Большинство гостей осталось ночевать в Тригорском, а Пушкин запоздно вернулся в Михайловское.

XXII

Со двора, занесённого снегом, в окно лился холодный, чистый зимний свет. На письменном столе каждая вещь - фигурный серебряный подсвечник с широкой подставкой, щипцы для снятия нагара, колпачок, гасивший свечу, чернильный прибор, песочница, перья, книга, тетради - всё обрело особую чёткую определённость.

Пушкин смотрел на белые листы - и счастливое настроение владело им. Страницы ждали новых строк. Но ещё не было точных слов, единственного их сочетания - лишь чувство, которое искало выхода, и нельзя, невозможно было сразу найти слова.

Он сосредоточенно смотрел на извитые узоры подсвечника, потом, в нахлынувшем нетерпении, прикусил уже и без того обглоданный черенок гусиного пера и, не в силах дальше искать и ждать, записал то, что было незаменимо, необходимо и неизбежно, - отдельные слова, ещё не обрамленные определениями. Он даже не знал ещё, какой размер ему нужен - ямб, хорей или какой-нибудь другой...

Он записал: "Ты... память о тебе... навсегда..."
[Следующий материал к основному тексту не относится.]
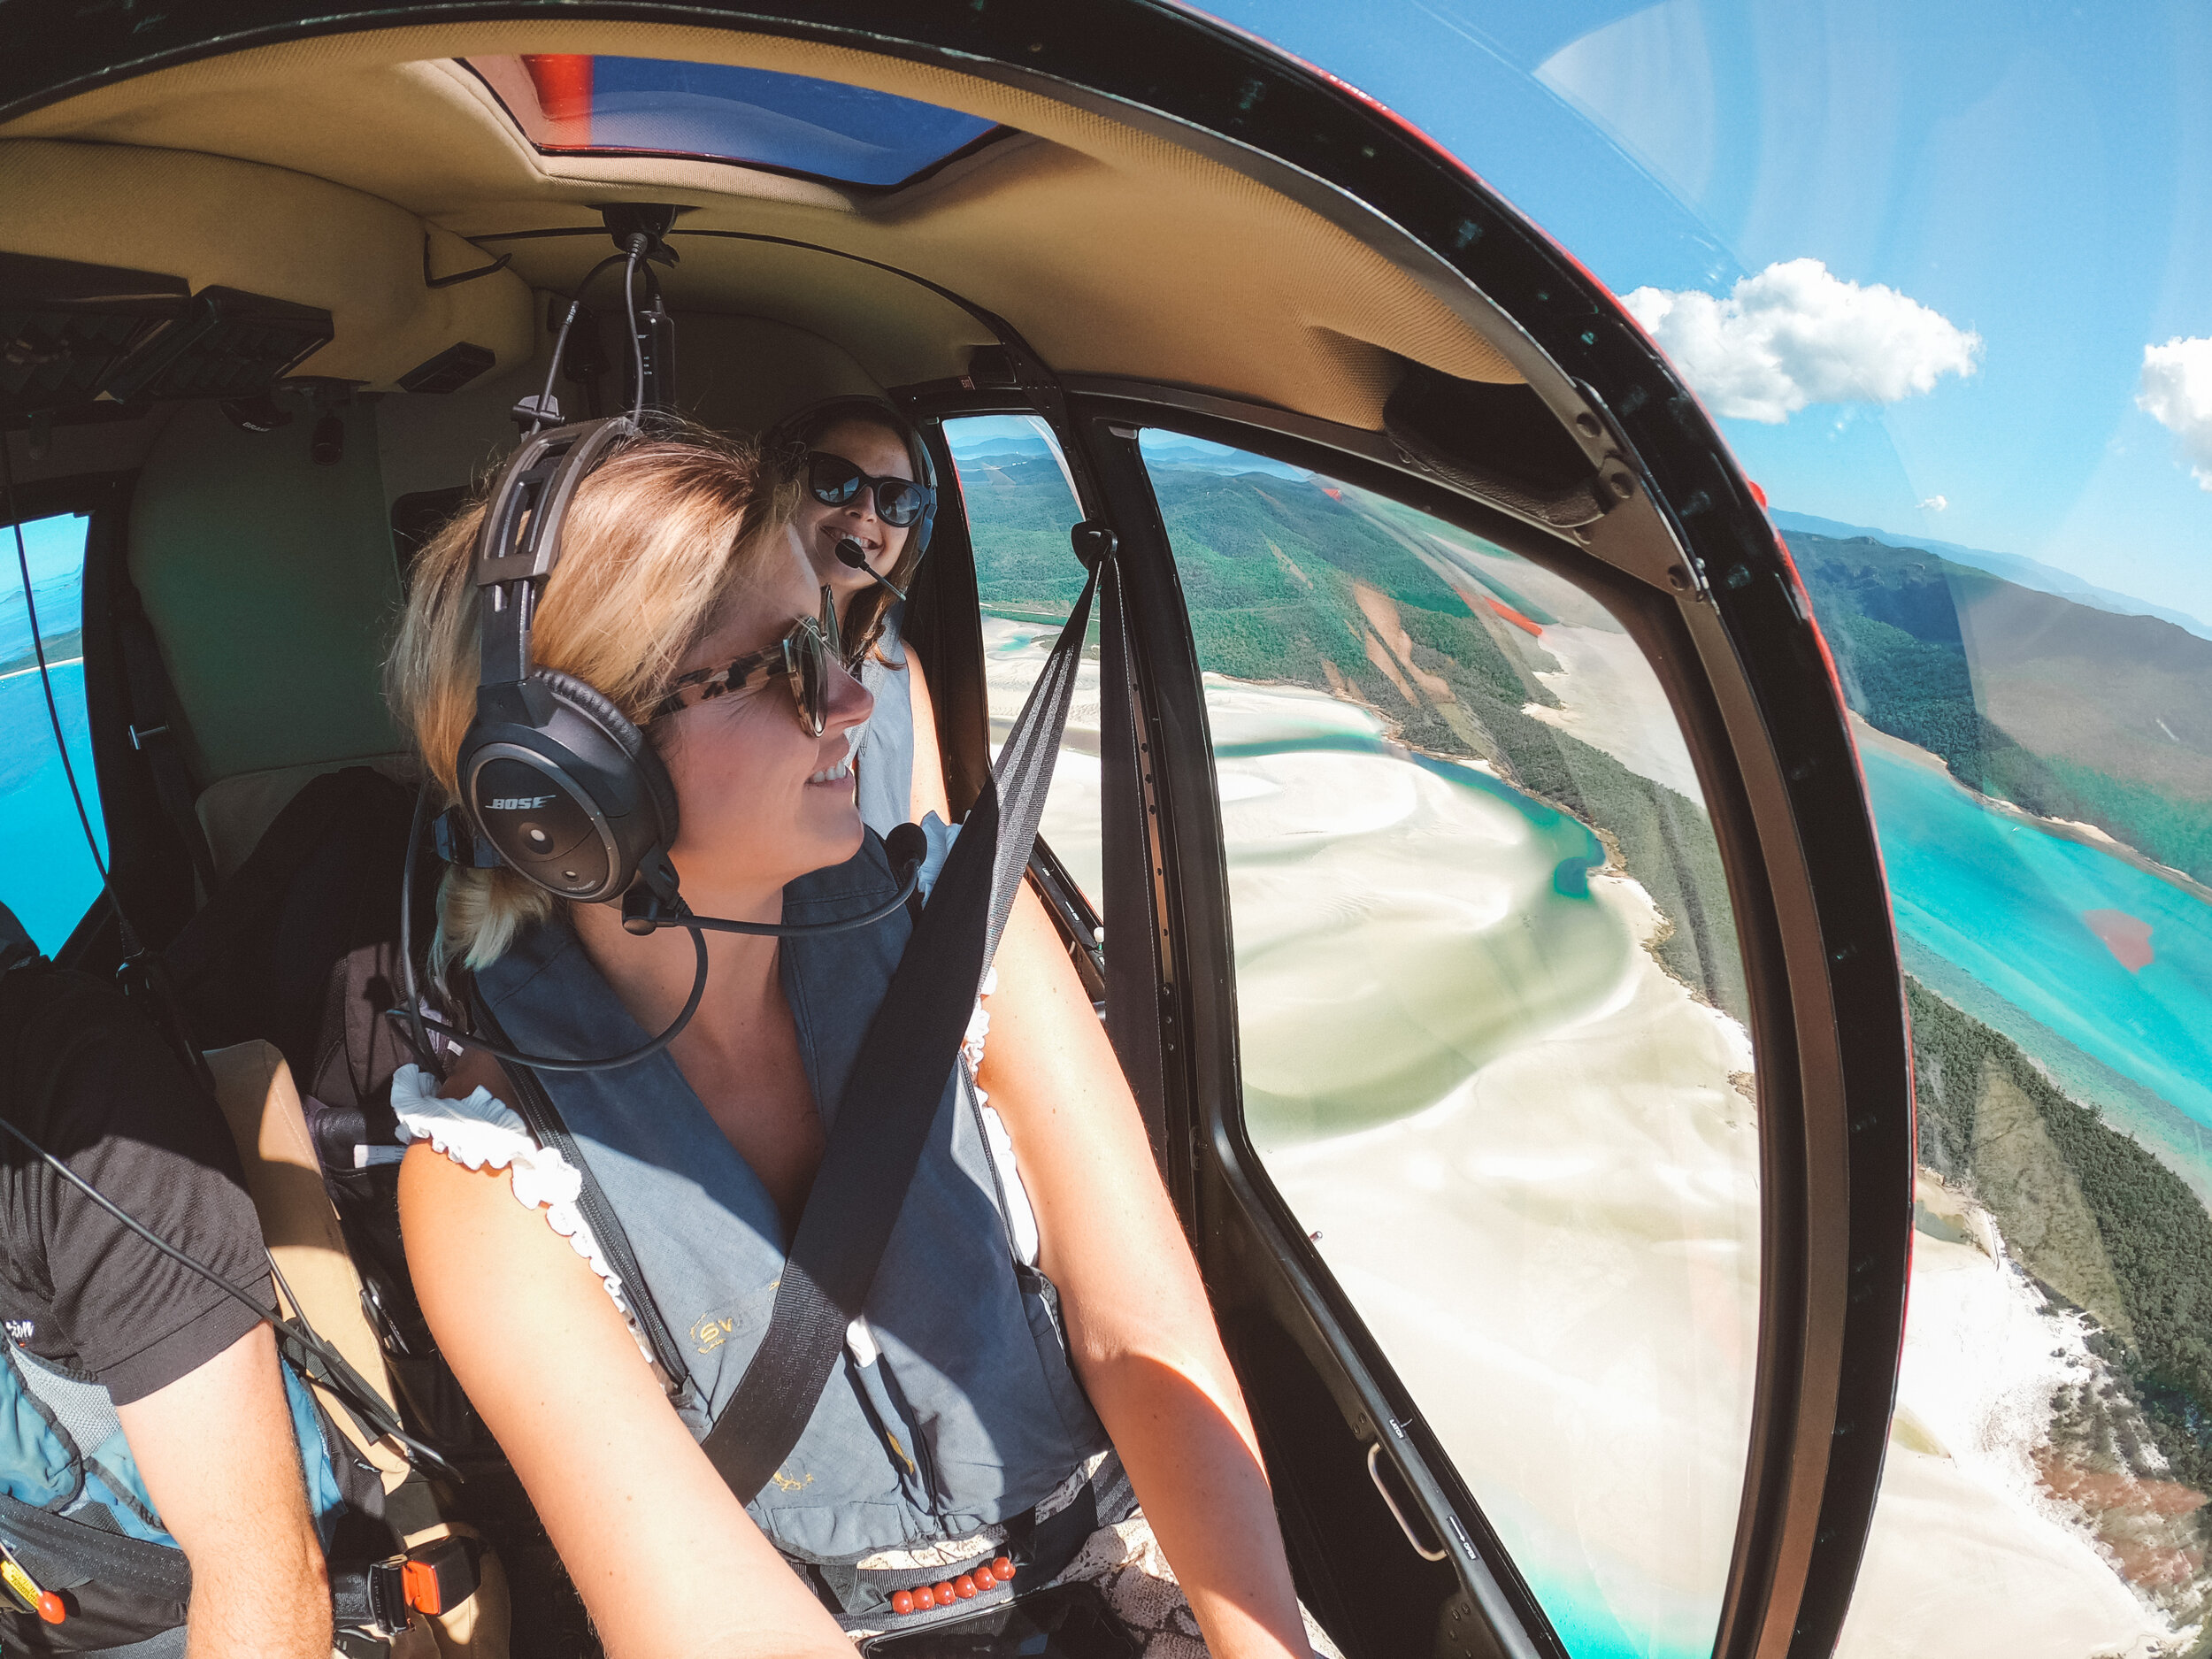 Selfie in the sky - Whitsundays - Helicopter Tour - Tropical North Queensland (QLD) - Australia

Боже мой, сколько пережитого стояло за этим! Прежде всего - ревность. И он записал: "ревность". И тут же сочеталось точно, музыкально и поэтично: "трепет ревности". Да, постигшая его судьба, обида, жажда мщения - сколько было всего! И нахлынувшее чувство вылилось сразу же в строках:

...И мщенье, бурная мечта
Ожесточённого страданья.

Теперь размер определился. Он вернулся к первой строке. Память... память... какая память? Память светлая, чистая, возвышенная, без упрёков - несмотря на страдания. Да, и сами эти страдания готов он принести в жертву светлой памяти.

Всё в жертву памяти твоей!

Работа пошла. Он черкал, правил. Каждое слово - как новый камешек, брошенный в воду, - возмущал и сотрясал уже установившуюся, определившуюся гладь. Звуком, размером, энергией чувства, настроением оно вносило неповторимое своё, и это нужно было привести в соответствие со всем остальным: слишком резкое смягчить, слишком вялое заменить - и восемь строк нового стихотворения заняли часы предельного, непрерывного, напряжённого труда. Но именно в этом и таился его секрет, потому что он чувствовал действие каждого слога и каждого слова, и их звучание, их сочетание были для него чем-то живым, отделившимся от него, самостоятельным, одна строка определяла последующую, и новая должна была вознестись ещё выше - к совершенству, к гармонии, к идеалу, к Богу, - и потому не было в мире поэта, равного ему...

Счастье труда прояснило ум. Нет, не стоило унывать! Ведь в конце концов ещё ничто не утрачено. Пусть в "Демоне" предавался он сомнениям, но теперь в возмужавшей душе воскресли вера и свет. Нет, в душе не погибло стремление к счастью, а значит, и идеалы, казалось бы навсегда преданные забвению...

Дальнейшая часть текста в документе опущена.